Glucose Isomerase

Glucose isomerase (GI, EC 5.3.1.5), also known as xylose isomerase, D-xylose isomerase, D-xylose keto isomerase, and D-xylose ketol-isomerase, is an isomerase that isomerizes aldose, such as D-xylose, D-glucose, D-ribose, etc., to the corresponding ketose. The systematic name of this enzyme class is D-xylose aldose-ketose-isomerase. Glucose isomerase has a wide range of sources, including microorganisms, such as bacteria, fungi and actinomycetes, as well as plants and animals. Glucose isomerase is a key enzyme in the industrial production of high fructose corn syrup and fuel ethanol.

Enzymatic Properties

• Substrate specificity

Glucose isomerase has a wide range of substrates, in addition to D-glucose and D-xylose, glucose isomerase can also catalyze substrates such as D-ribose, L-arabinose, L-rhamnose, D-allose, deoxyglucose, etc. However, glucose isomerase can only catalyze the conversion of the alpha-optical isomer of D-glucose or D-xylose, but not the beta-optical isomer.

• Optimum Temperature and pH

The optimum pH of glucose isomerase is usually slightly alkaline, between 7.0 and 9.0. Under the acidic conditions, the enzyme activity of most species is very low. The optimal reaction temperature of glucose isomerase is generally 70-80°C.

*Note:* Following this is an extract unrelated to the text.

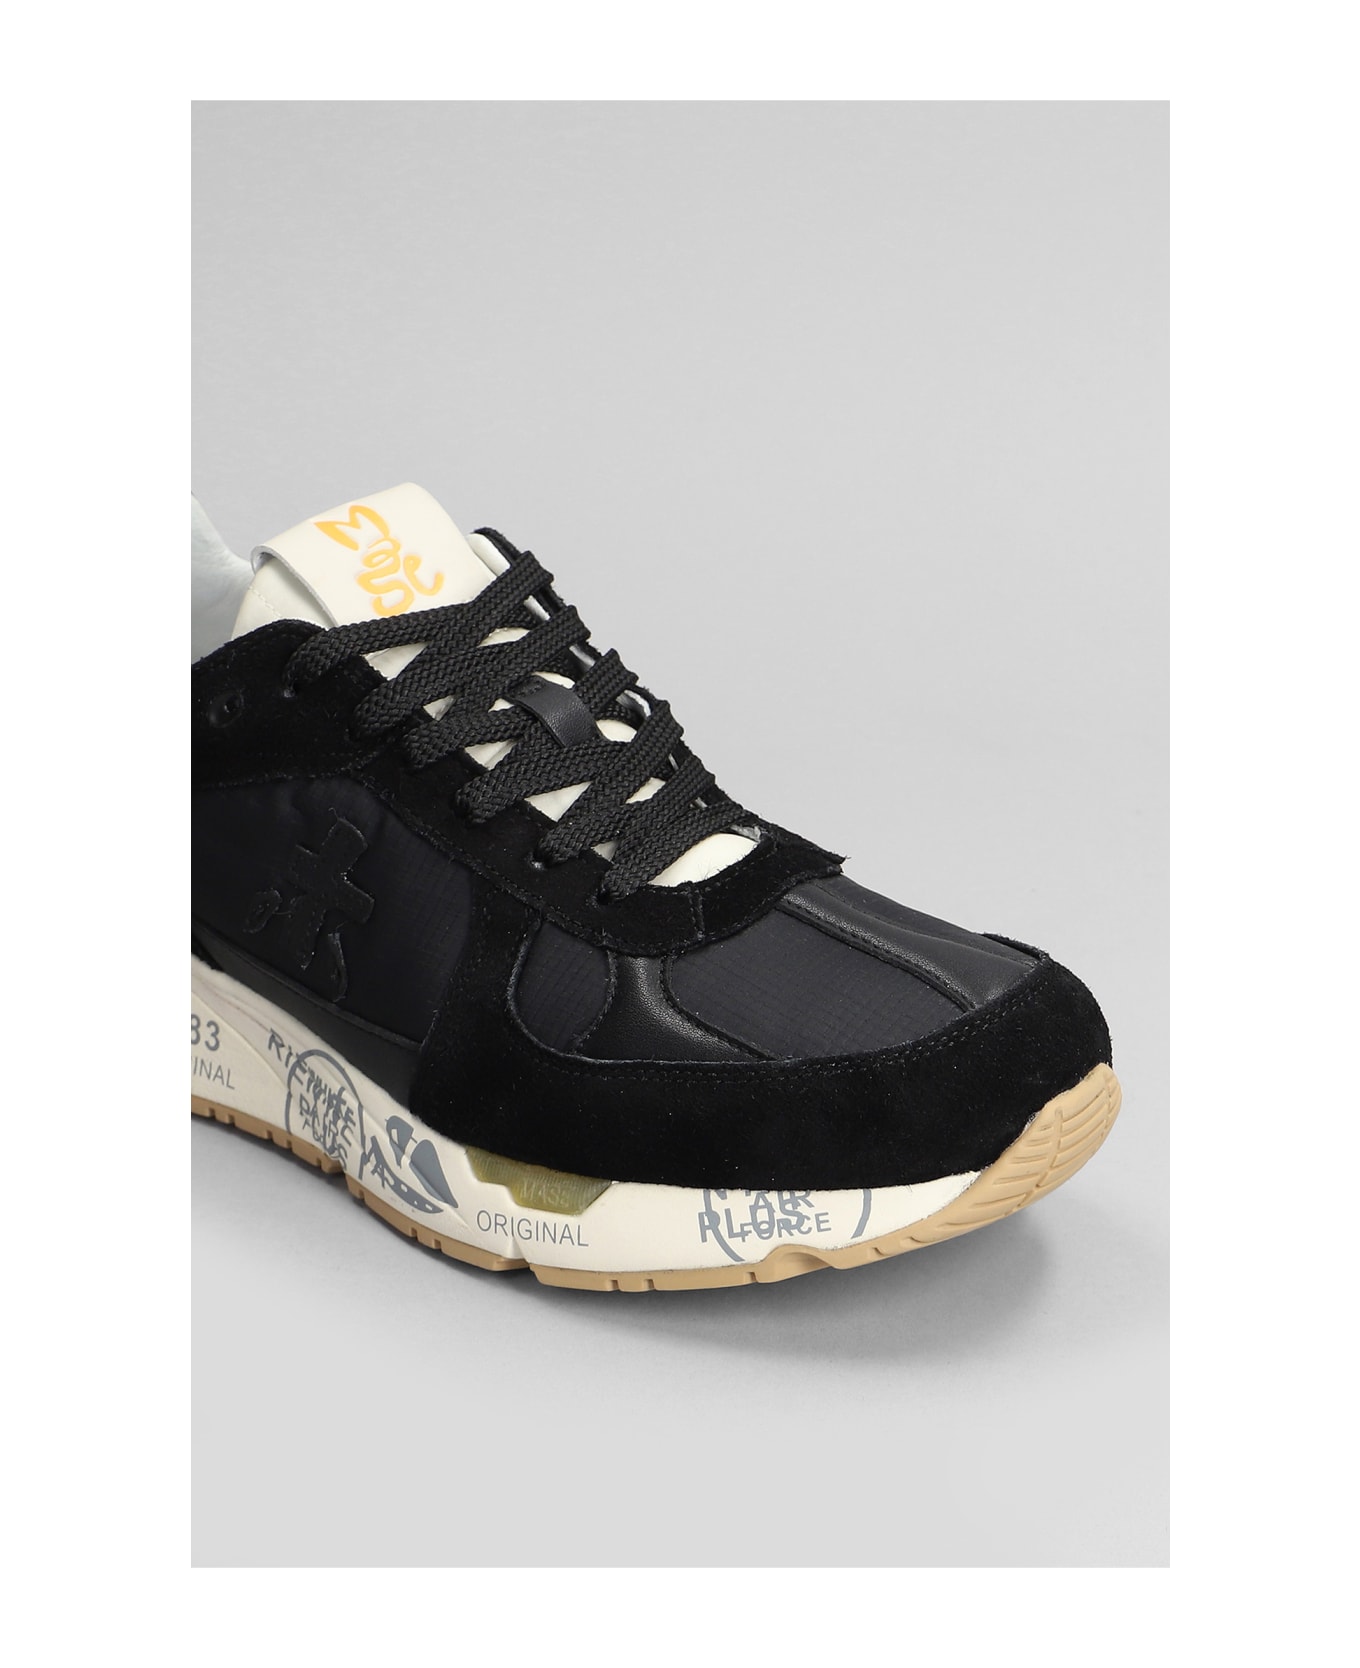 Premiata Mase Sneakers In Black Suede And Fabric - Black

• Metal Ion Requirement and Inhibitors

GI requires a divalent cation such as Mg²⁺, Co²⁺, or Mn²⁺, or a combination of these cations, for maximum activity. Although both Mg²⁺ and Co²⁺ are essential for activity, they play differential roles. While Mg²⁺ is superior to Co²⁺ as an activator, Co²⁺ is responsible for stabilization of the enzyme by holding the ordered conformation, especially the quaternary structure of the enzyme.

Structure

Although glucose isomerases from different species have certain differences in the primary structure of proteins, they have similar spatial structures. Glucose isomerases are all non-glycoproteins and are generally present in the form of tetramers or dimers. Its subunit monomer has a molecular mass of 19-52 kD. The tetrameric subunits are bound by non-covalent bonds without disulfide bonds, the binding between dimers is stronger than the binding between subunits in dimers. The group of subunits is symmetrically distributed, and each subunit monomer is divided into two domains.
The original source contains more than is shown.